Auf der nächsten Ausstellung bin ich übrigens wieder da. Ich muß doch wissen, ob mein Favorit, Nummer 48 (die Nummer 37 war übrigens langweilig), gewonnen hat.
;-)
Die Freunde der "Meeries", wie sie wohl von ihren Besitzern genannt werden, halten hier nicht nur einen der prägnantesten Domainnamen sondern auch viele Informationen über die possierlichen Nager bereit. Die nächste Ausstellung scheint erst im Oktober zu sein. Da sind wir dann aber alle da, oder?
Edit: Sehe gerade, einmal im Monat gibt es ein "Schnuppertreffen". Köstlich!
"Spezielles für den Bock:
Penis und Perinealtasche müssen regelmäßig kontrolliert und ggf. gesäubert werden. Ansonsten könnte es zu einer Penisstrangulation kommen [...]. Folgen wären Lähmung und Amputation. [...]
Pillemätze reinigen [sic!]
Man nehme ein männliches Schweinchen [Anm.: Sagen Sie bloß!], jede Menge Ohrenstäbchen, ein Schüsselchen mit Babyöl [,] ein Blatt Küchenkrepp. Man lege sich alles in Reichweite und das männliche Schweinchen auf den Schoß, dann auf den Rücken drehen und ein Ohrenstäbchen in Öl tunken und erstmal die Perinealtasche säubern. [...] Keine Angst [,] so ein Ohrenstäbchen passt da locker rein.
[Anm.: Auweia!]
[...] Wenn dann die Tasche sauber und gut geölt ist [,] kann man meistens beobachten [,] das [sic!] der Pilli schon von alleine rauskommt. Wenn nicht, den Pilli vom Bauch aus rausdrücken und dabei die Vorhaut nach hinten schieben. Dann liegt ein rötliches, lilafarbenes Prachtstück vor einem [...]. Die Unterseite vom Pilli ist ein wenig rauh, da am besten in Körperrichtung säubern und aufpassen [,] das [sic!] keine Wattefusseln hängenbleiben. Wenn der Pilli dann sauber ist [,] noch mal die Finger in Öl tauchen und den Pilli schön einölen und wieder eintüten. Fertig.

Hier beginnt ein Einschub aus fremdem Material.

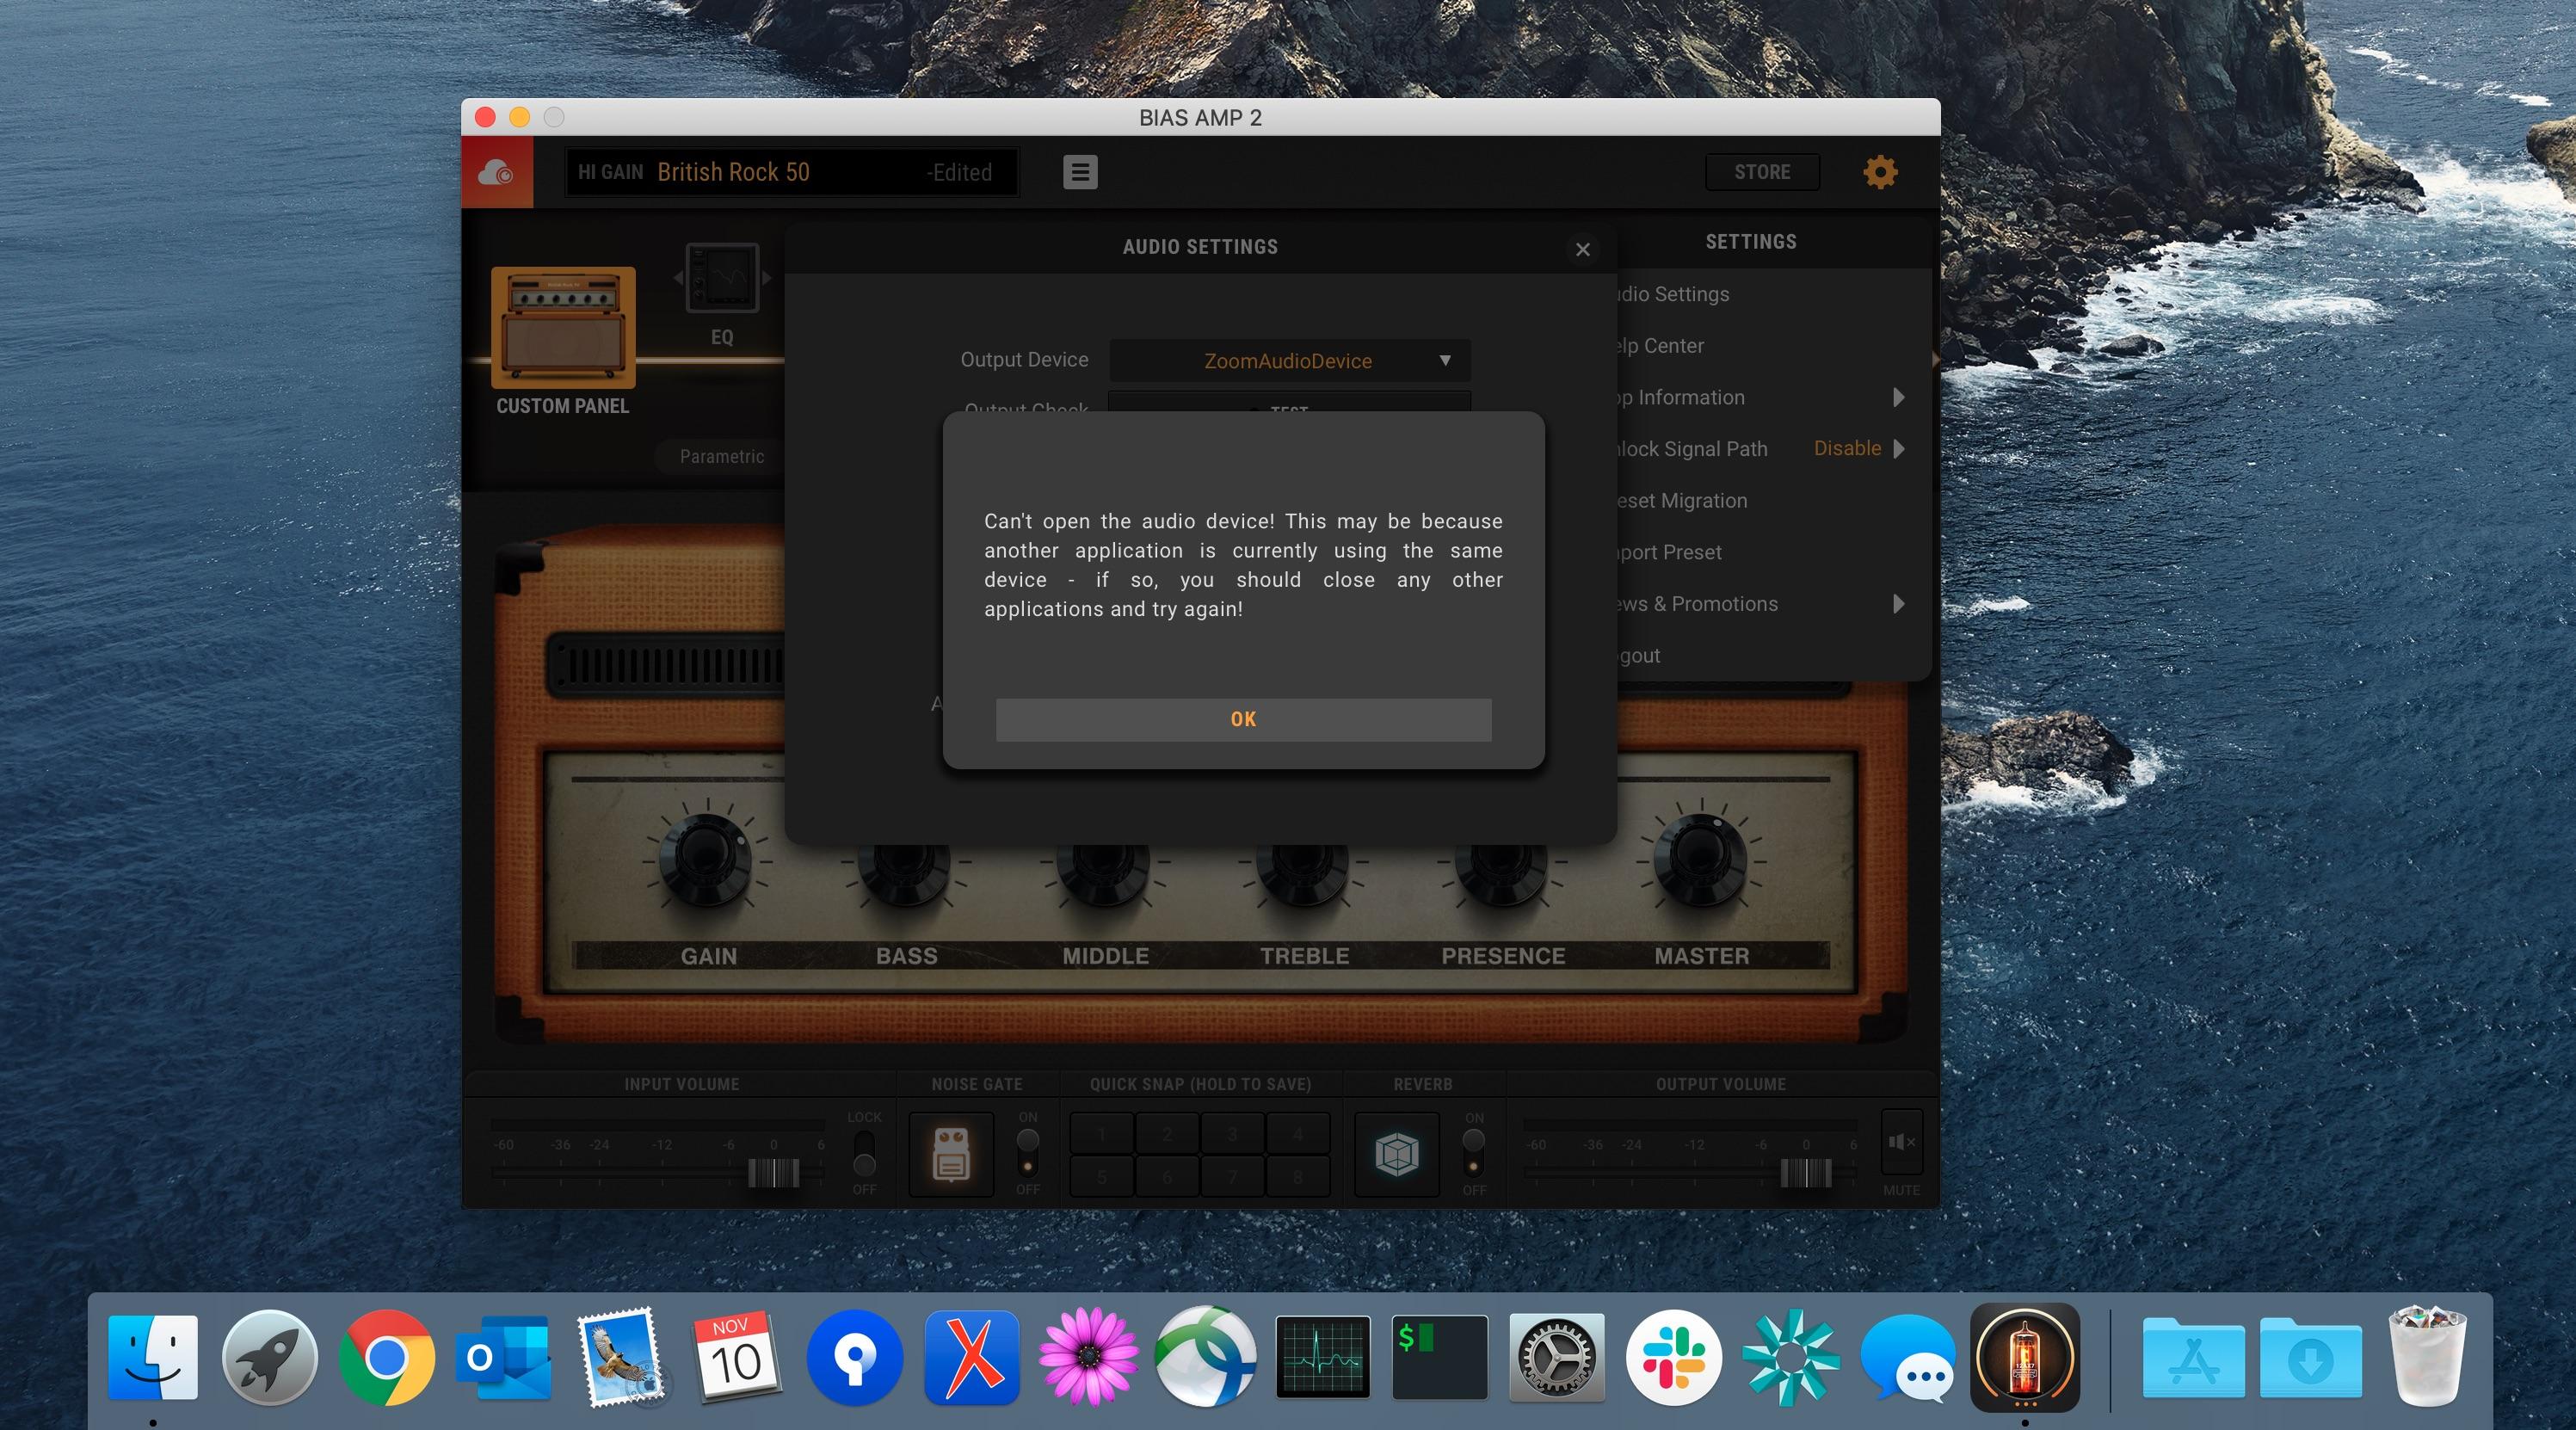 0_1605039355704_Screen Shot 2020-11-10 at 8.27.28 AM.jpg

Eigenartigerweise lassen auch zappelige Böckchen es gut über sich ergehen." [Zitat Ende]
Da draußen gibt es eine ganz, ganz fremde Welt.
So oder so, ich bin schockiert. Vielleicht sollte ich doch aufs Strickbloggen umsatteln ;-)
"Hab ich so viele Leser mit Perinealtaschenverschmutzung?" -Nun, viele vielleicht nicht. Aber nach dem, was ich da neulich lesen mußte, liegt zumindestens ein Anfangsverdacht nahe ;-)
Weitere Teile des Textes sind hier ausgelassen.